Martin Beck lo miró y mordió pensativo su bolígrafo. Ambos tenían el mismo pensamiento, y fue Kollberg quien lo puso en palabras:
— No conviene comunicarse exclusivamente por vía telepática.
— La verdad es que no —dijo Martin Beck—. Además, el caso Teresa es de hace dieciséis años. Y tú no tuviste nada que ver en la investigación. Fue la policía de Estocolmo la que se ocupo de él, de principio a fin. Ek debe de ser el único que sigue aquí desde entonces.
— Entonces, ¿ya has revisado la documentación?
— Qué va. Sólo la he hojeado un poco. La investigación tiene miles de páginas. Los papeles están en Västberga. ¿Quieres que vayamos a ver?
— Sí. Creo que necesito refrescar la memoria.
Ya en el coche, Martin Beck dijo:
— Quizá lo que recuerdes sea suficiente para comprender por qué Stenström decidió ocuparse de Teresa…
Kollberg asintió.
— Sí, porque es el caso más difícil que pudo encontrar.

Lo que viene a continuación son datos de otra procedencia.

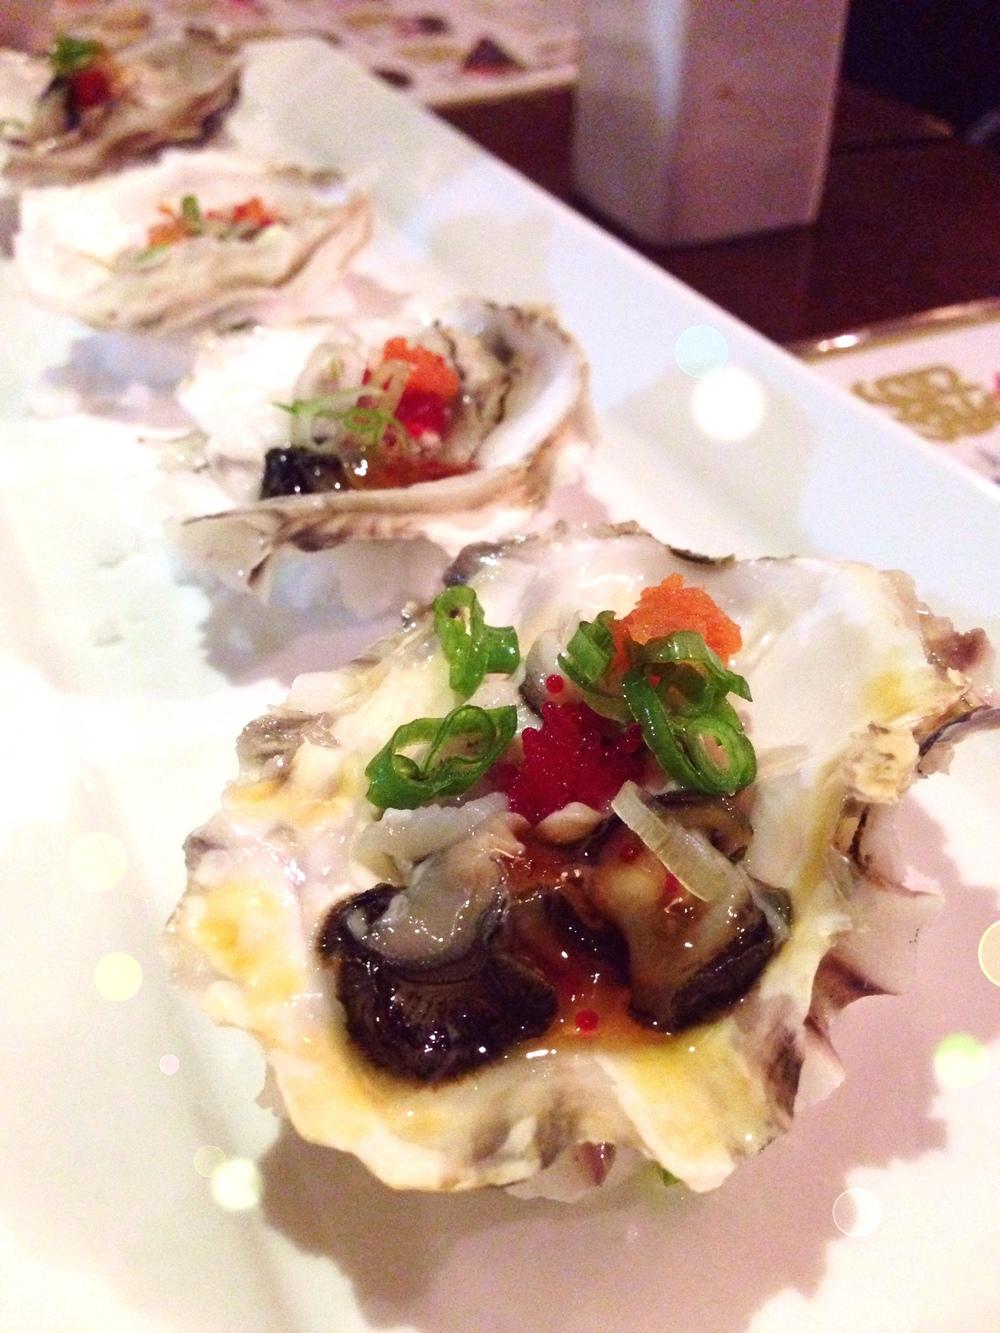 Oyster with Ponzu Sauce: Seasonal oyster, scallion, momiji oroshi, tobiko, ponzu jello.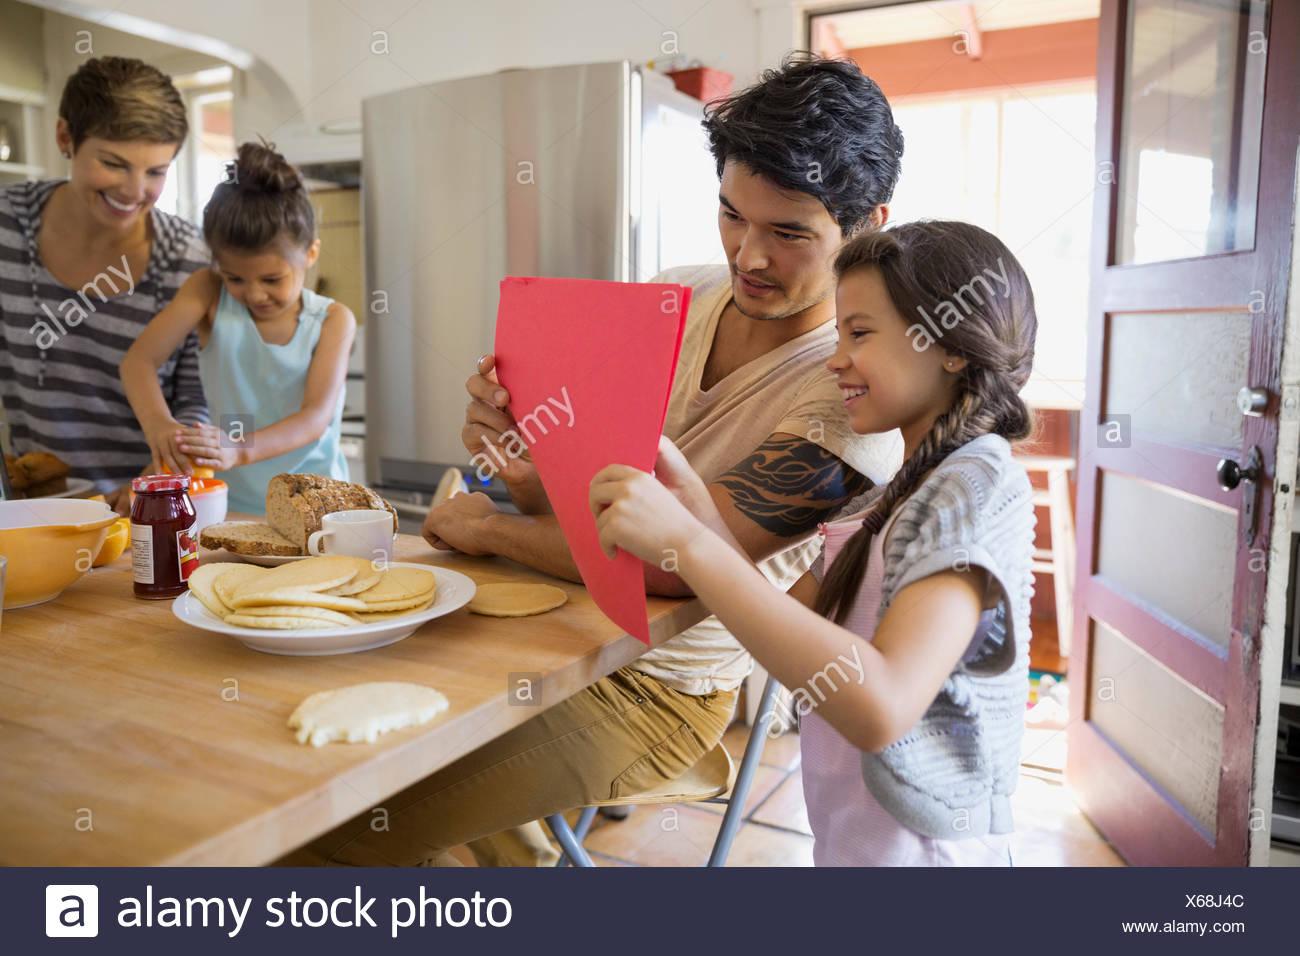 Family enjoying breakfast in kitchen - Stock Image

— Exacto. Un asunto imposible. Quería mostrar de una vez por todas de lo que era capaz.
— Y salió con los pies por delante… —dijo Kollberg—. ¡Hay que ser idiota, joder! ¿Pero cuál sería la relación?
Martin Beck no respondió. Ya no volvieron a decir nada hasta que, después de diversas vicisitudes, consiguieron llegar a Västberga y aparcar en plena nevada junto a la jefatura sur de policía. Entonces, Kollberg dijo:
— ¿El caso Teresa puede resolverse? ¿Ahora?
— Ni hablar —respondió Martin Beck.
Kollberg suspiró tristemente, mientras hojeaba con desgana y sin orden los montones de informes encuadernados.